46. Doing the best I can, I find that the appellant’s deportation would fall very heavily on K. He has already suffered considerable disruption in his life because his mother has had to move house and change schools as his mother’s partner became violent. He is growing up and his father is important to him. His mother is undoubtedly willing and broadly competent but as she has indicated, she has a propensity to mental health difficulties and is being supported herself. I accept the evidence that there are frequent occasions when the appellant accepts a request for immediate help. If the appellant were not there to assist, and her ability to cope would be diminished and without being over-dramatic, it is conceivable that her family life with K and the others would come under enormous strain. I have no doubt that more help would be provided by social services at the public expense but it would not match the help that the appellant provides. It could not. The bond of affection could not be there.

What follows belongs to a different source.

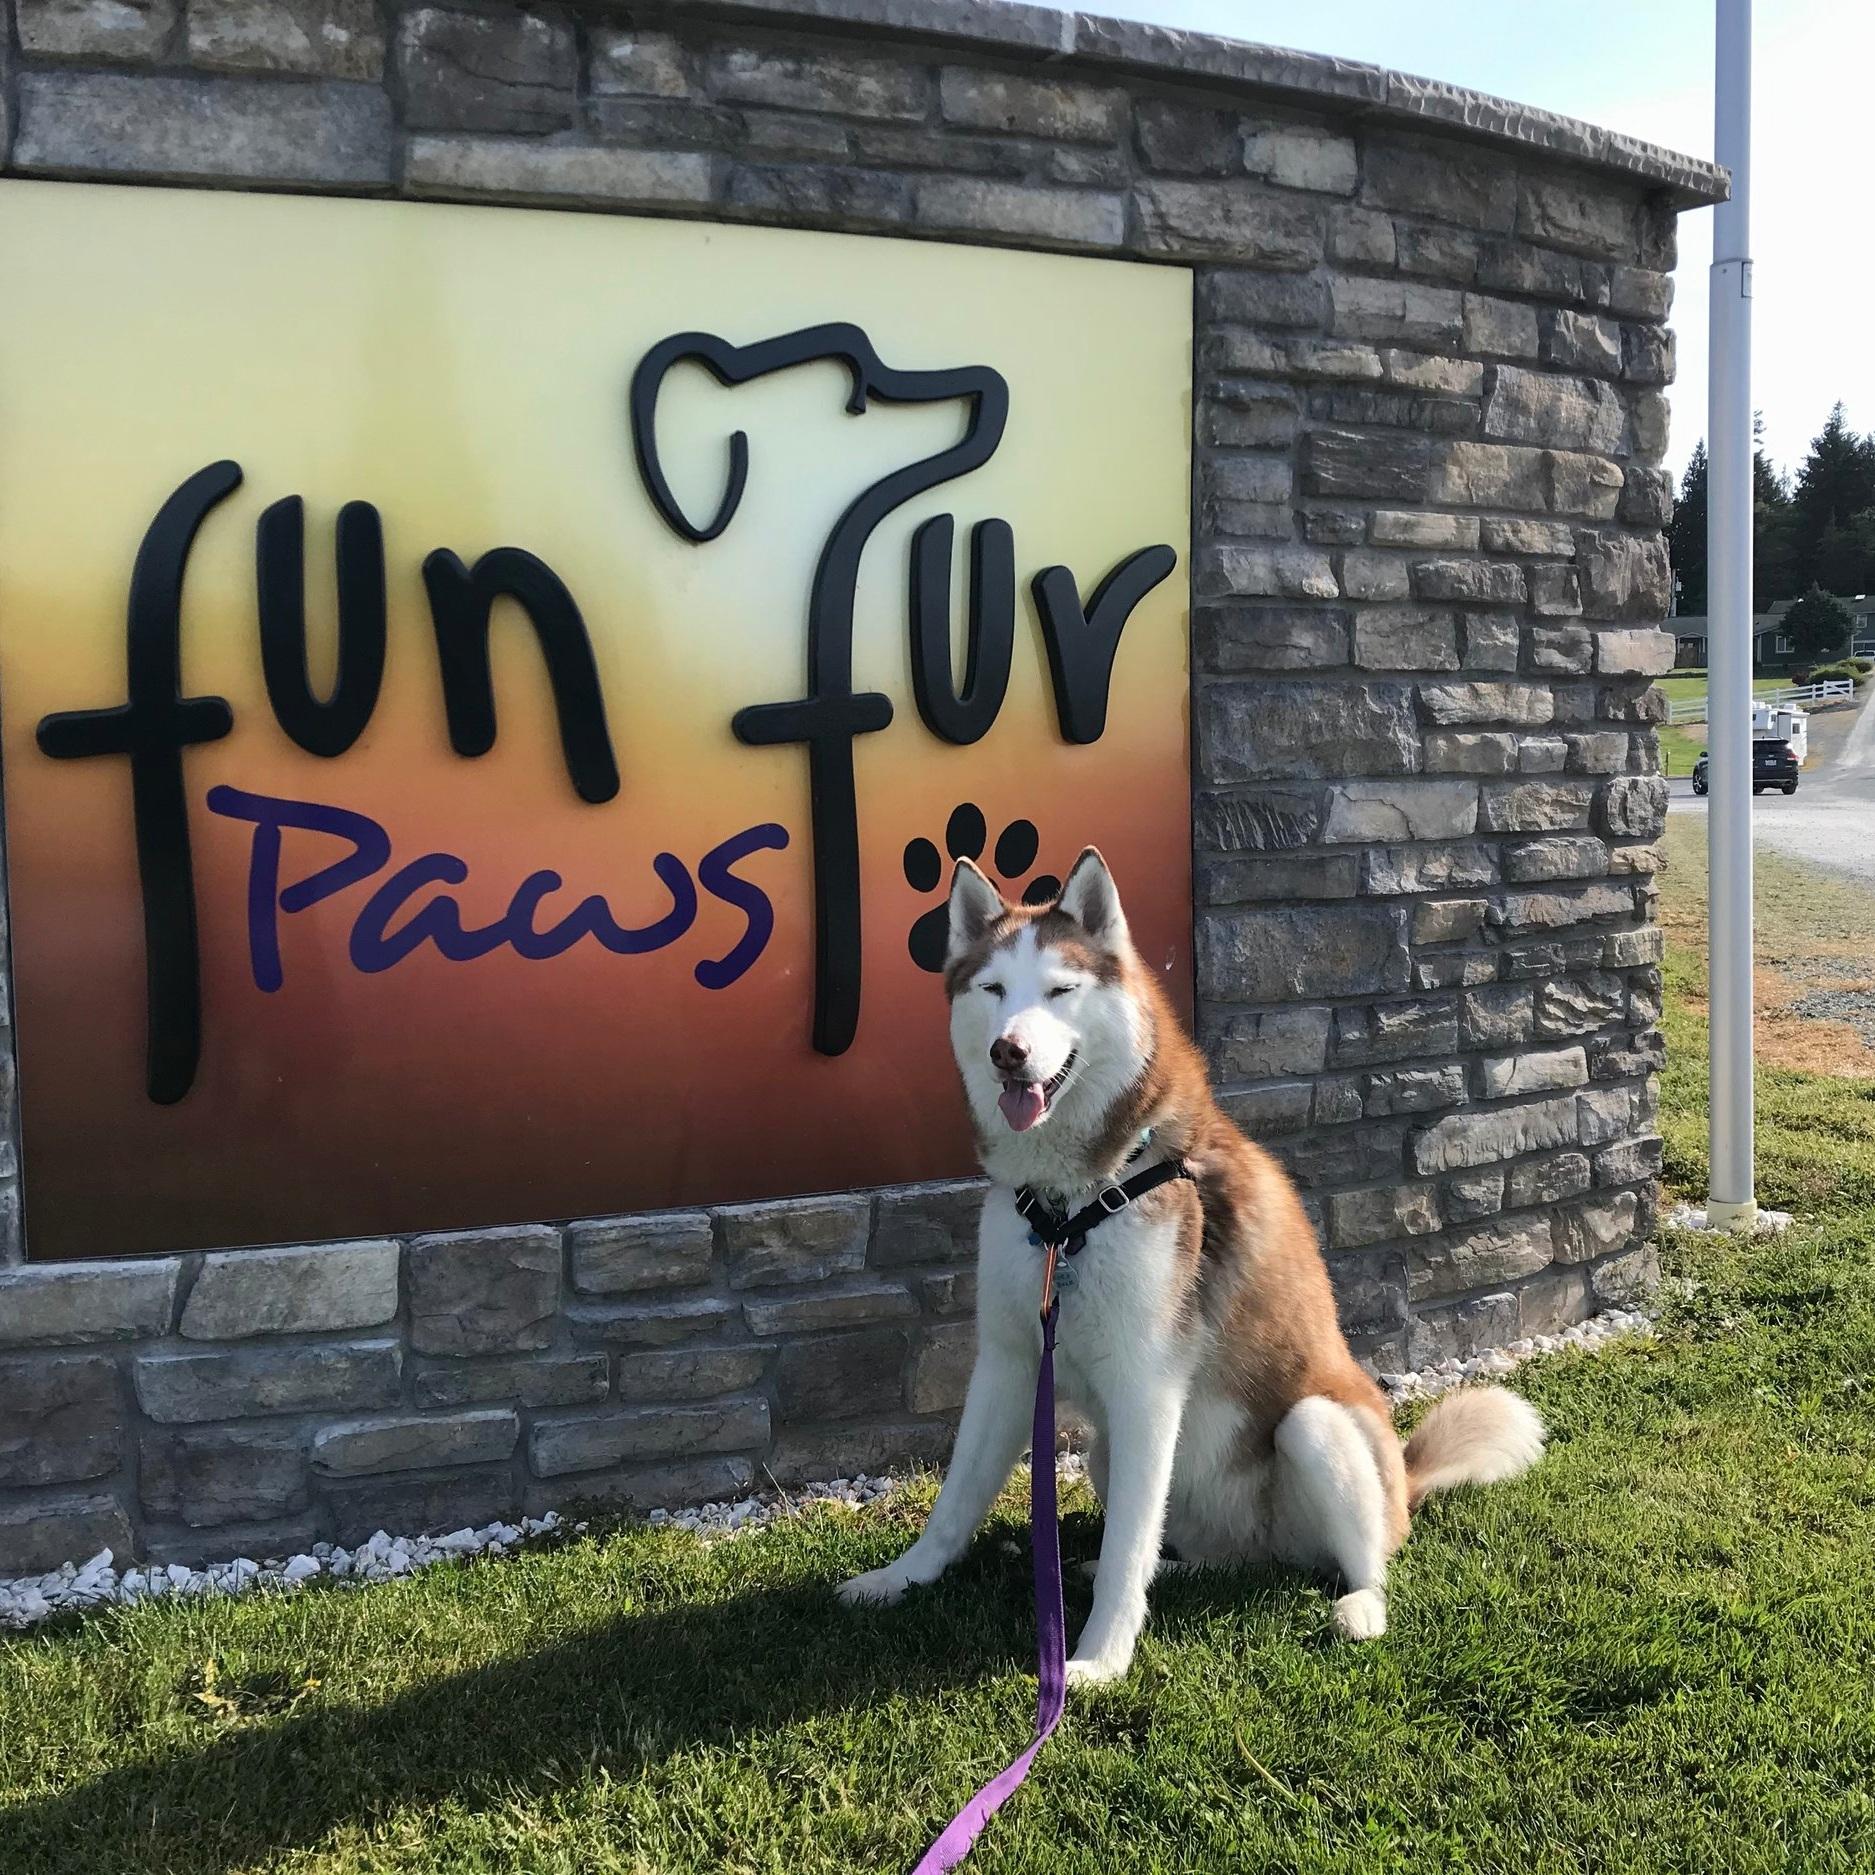 Fun+Fur+Paws.jpg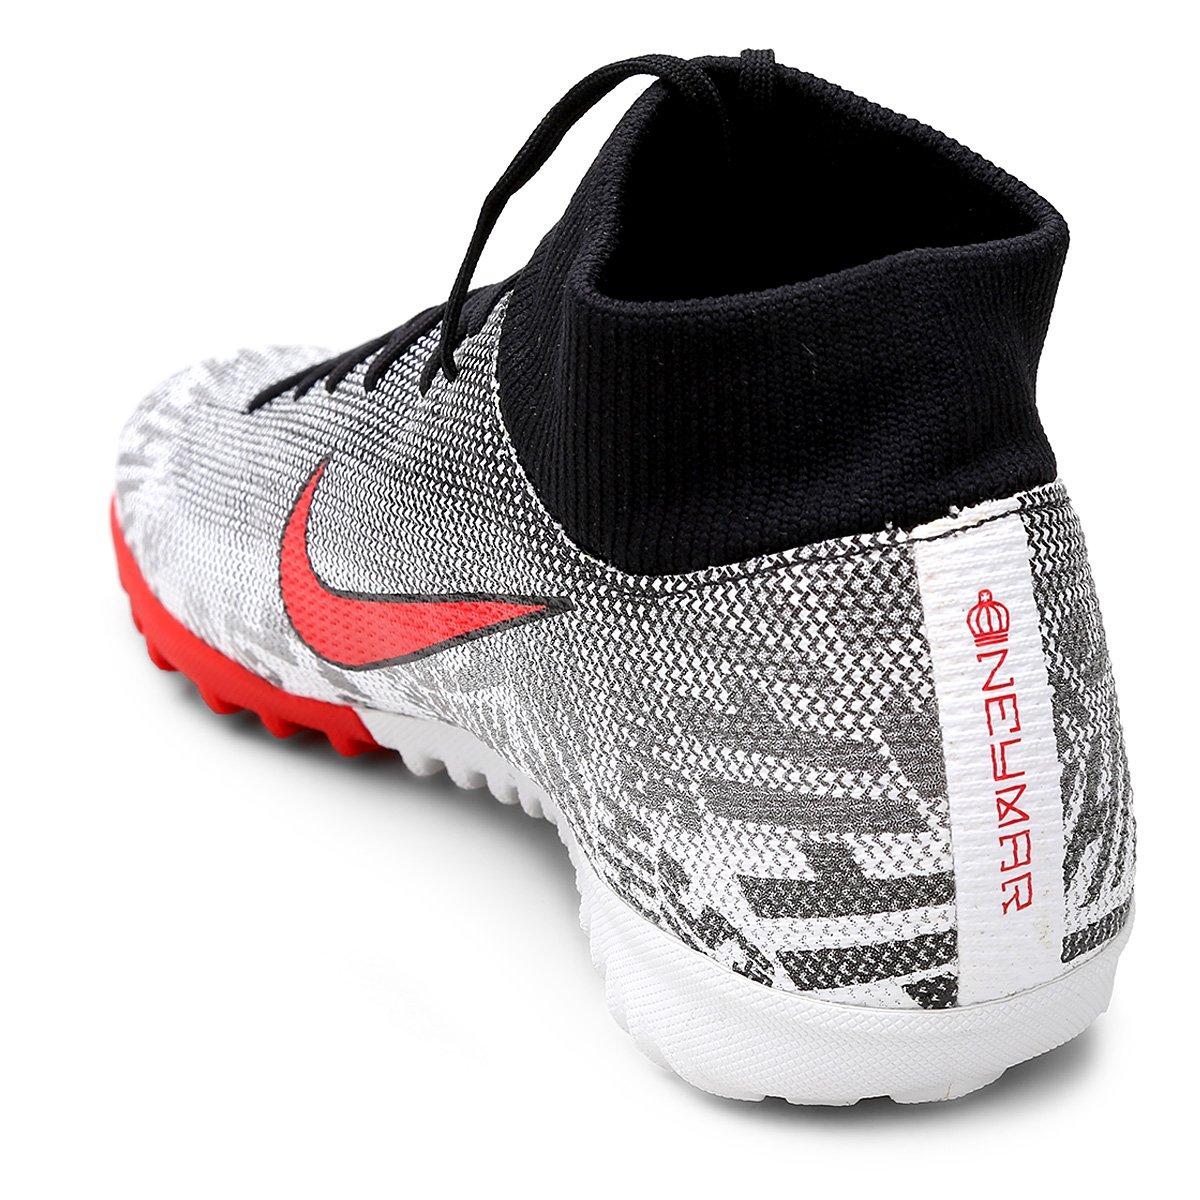 d23736decd661 ... Chuteira Society Nike Mercurial Superfly 6 Academy Neymar Jr TF - Tam:  37 - 1 ...

47. In short, I find it probable that the appellant is in a parental relationship with K, I find it probable that the effects of removal would be unduly harsh and I allow the appeal for the sake of K.
48. It is for the respondent to decide how to give effect to my decision but it is unlikely that he will be granted indefinite leave to remain. This case may be looked at again and if the appellant does not continue to be an important part in K’s life it might be hard to succeed in any further application for leave.
49. Nevertheless, for all the reasons given I allow the appeal.
50. For the sake of the child K, this appeal is allowed.
Notice of Decision
The appeal against the Secretary of State’s decision is allowed.